Куры, утки и голуби отлично знали этот ларь и окружили его – кто кудахтая, кто крякая, кто воркуя.
Я приподнял крышку ларя и придержал ее головой, что позволило нам обоим набрать полные пригоршни зерна.
Затем я опустил крышку.
Помните ли Вы, дорогой мой Петрус, очаровательную гравюру по одной французской картине с названием «Маленькая фермерша»?[223]
На ней изображена хорошенькая молоденькая девушка, окруженная целым пернатым миром, который ожидает кормежку.
Дженни являла собой оригинал этой картины.
Куры пытались взлететь, чтобы достичь ее рук; голуби садились ей на плечи; утки неловко приподнимались на лапах, хлопая крыльями.
Я отступил в сторонку, чтобы как можно лучше видеть королеву пернатого царства, и, хотя в моих руках тоже было предостаточно зерна, ни один из подданных Дженни не покинул свою владычицу, чтобы получить корм от меня.
– Видите, дорогая соседка, – заметил я, – вы были несправедливы по отношению к этим скромным существам.
– Подождите-ка, – отозвалась она. И высыпала на землю зерно.
Все крылатое содружество набросилось на корм, и он исчез в одно мгновение.
Затем все птицы остались на месте и, грустно поворачивая поднятые кверху головки и помаргивая, внимательно смотрели, не даст ли им еще чего-нибудь маленькая фермерша.
– А теперь ваша очередь, – сказала она.
Я в свою очередь голосом и жестами позвал кур, уток и голубей.
Увидев вокруг меня дождь сыплющегося зерна, весь птичий двор покинул свою владычицу, чтобы приветствовать своего короля, и только один красивый белый голубь, оставшийся на плече девушки, ласкал ее розовые губки своим розовым клювом и, казалось, не нуждался ни в какой другой пище, кроме взаимных поцелуев.
– Что ж, вы видите, Дженни, – заметил я, – что есть еще в этом мире верные сердца!
– Да, – улыбаясь, подтвердила она, – быть может, одно из пятидесяти.
– И что, – спросил я, – это много или, точнее, этого достаточно?
Не ответив, она взяла голубя обеими руками, поцеловала его и подбросила в воздух.
Но он, вместо того чтобы вернуться в голубятню, куда, казалось, его направляли, несколько секунд кругами летал над Дженни и снова сел на ее плечо.
Даже изгнанный хозяйкой, он не захотел ее покинуть.
– Вот вам доказательство, Дженни, – сказал я с улыбкой, – есть не только верные сердца, но и сердца преданные.
Пес все еще лаял от радости и рвался на цепи к хозяйке.
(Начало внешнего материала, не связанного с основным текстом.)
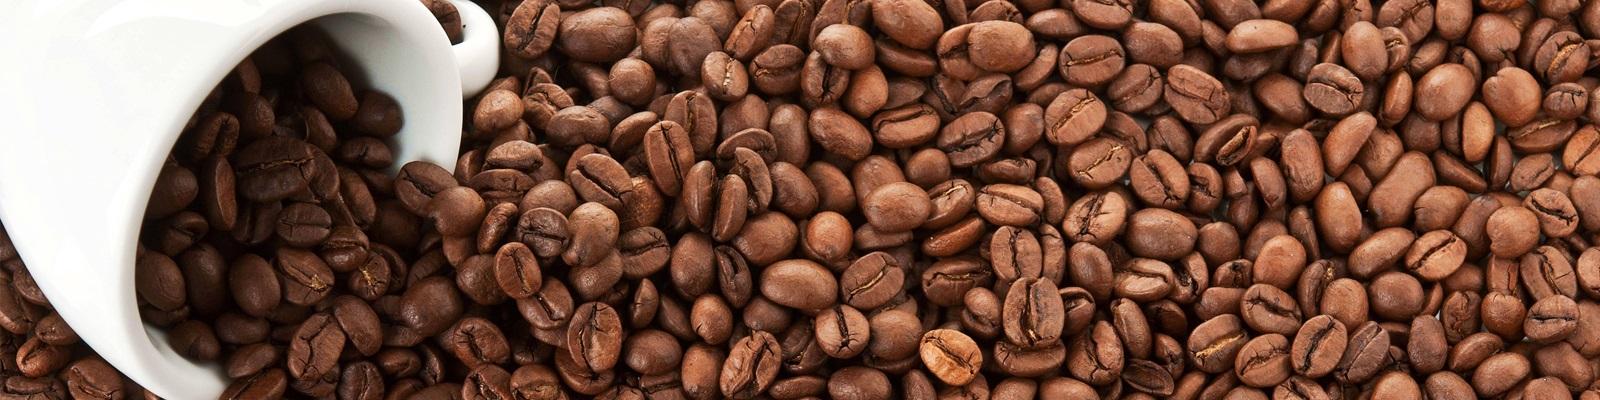 slide 1 - cekirdek kahve

– Не слишком задерживайте ваш визит к несчастному пленнику, – посоветовал я девушке. – Иначе вы много потеряете в его глазах.
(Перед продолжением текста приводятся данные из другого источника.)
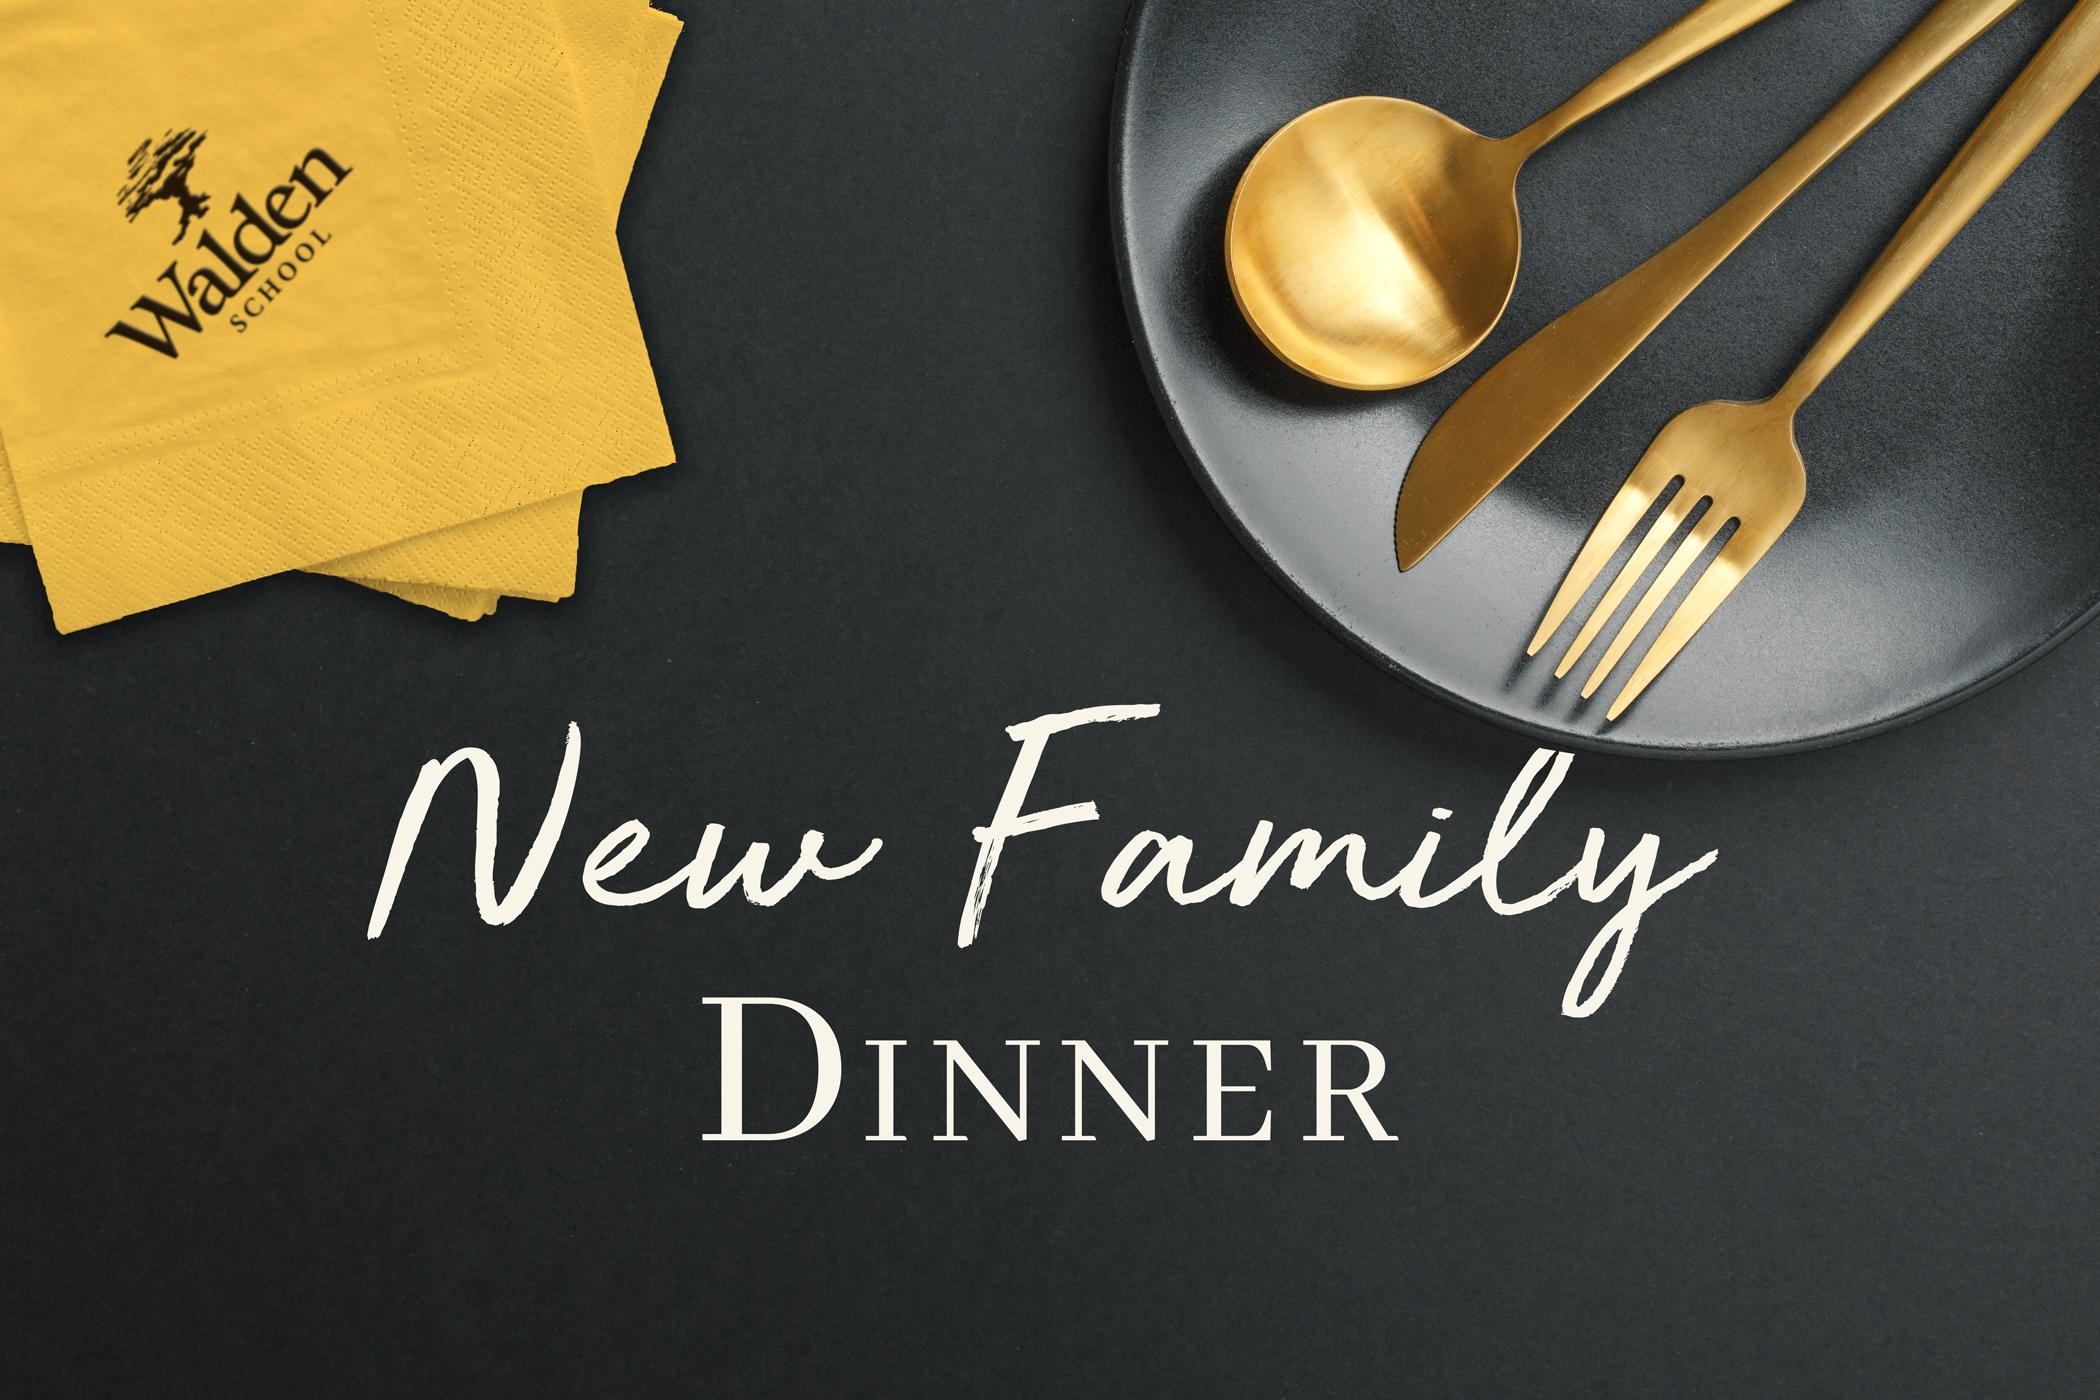 New-Parent-Dinner_2019.png

Мы подошли к конуре со всем кортежем кур и уток, не отстававших от нас ни на шаг.
– Это Фидель, – представила собаку Дженни. – В качестве нашего соседа вы должны с ним познакомиться. Освободите его сами, чтобы это знакомство с вашей стороны началось оказанной услугой, а с его – благодарностью.
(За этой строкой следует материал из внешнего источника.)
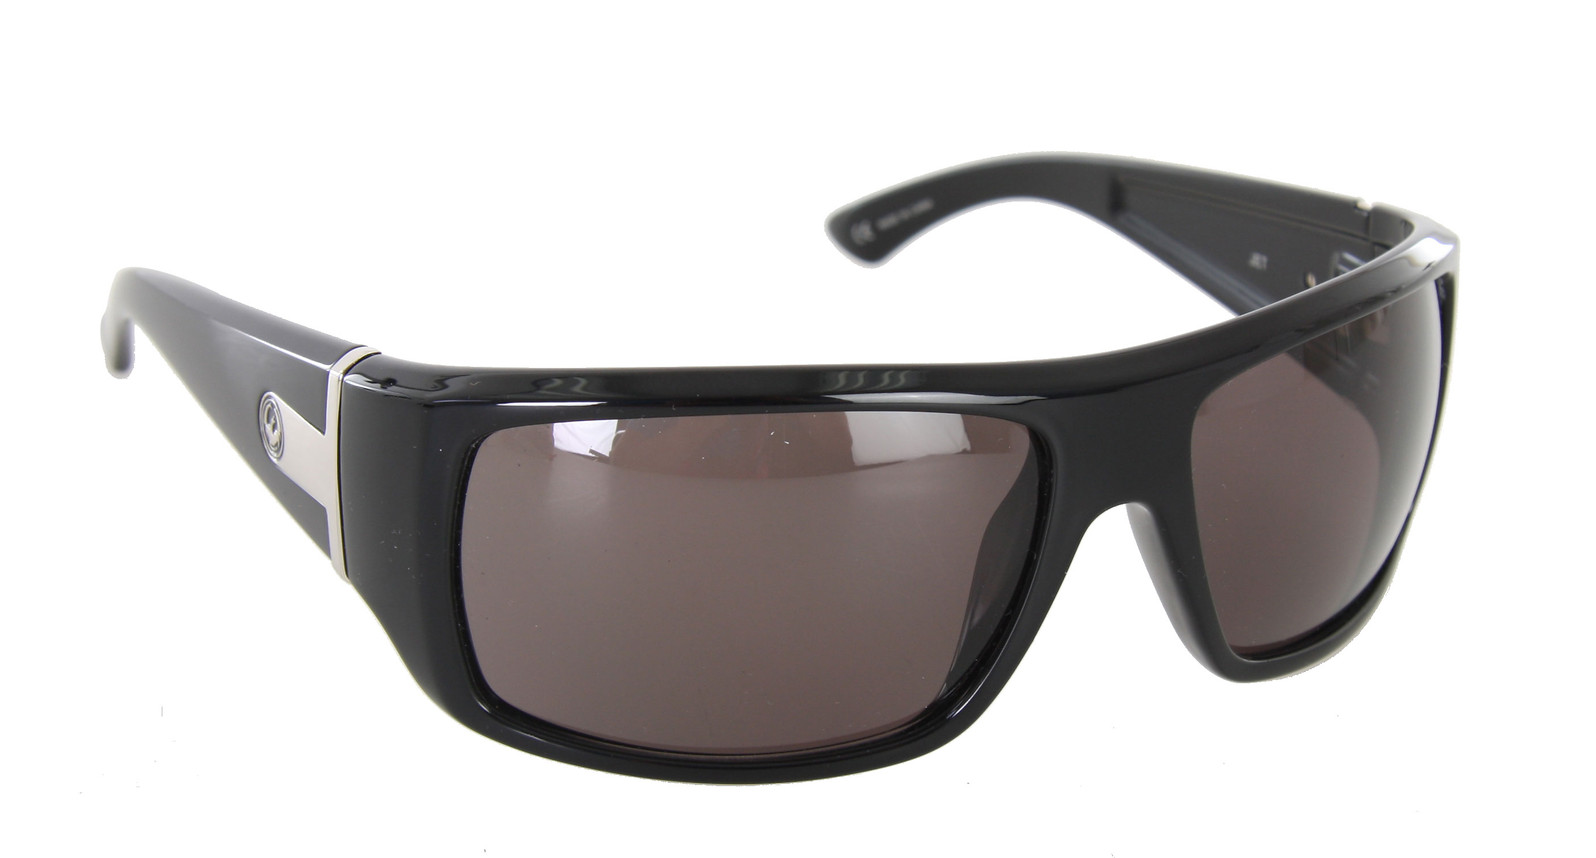 Dragon Vantage Sunglasses Jet Grey  dragon-vantage-sngls-jetgry-10.jpg

Я отвязал Фиделя, и он стал весело прыгать среди кур, уток и голубей, нимало не заботясь о том, чтобы кто-нибудь не попал под его лапы.
Голуби разлетелись; куры разбежались кто куда; утки поспешили вернуться к лужице.
Первые прыжки Фиделя прежде всего адресовались Дженни.
Затем, распределяя по справедливости свою благодарность, он подбежал и ко мне.
Стоило мне два-три раза погладить его, как между нами завязалась дружба.
– Теперь, – предложила Дженни, – пойдемте смотреть мои цветы.
У меня не было других желаний, кроме тех, которые были у Дженни; мне казалось, что мое призвание в том и состоит, чтобы всюду следовать за ней, любоваться ее стройной шейкой, ее тонкой талией, ее настолько легкой походкой, что я каждое мгновение опасался, как бы все это воздушное создание не обрело крыльев и не поднялось к небесам, оставив меня на земле в одиночестве!
Дженни открыла одну за другой две калитки, и мы очутились в очаровательном садике, полном цветов, и там опьяненный свободой Фидель стал гоняться за бабочками и лаять вслед разлетающимся птицам.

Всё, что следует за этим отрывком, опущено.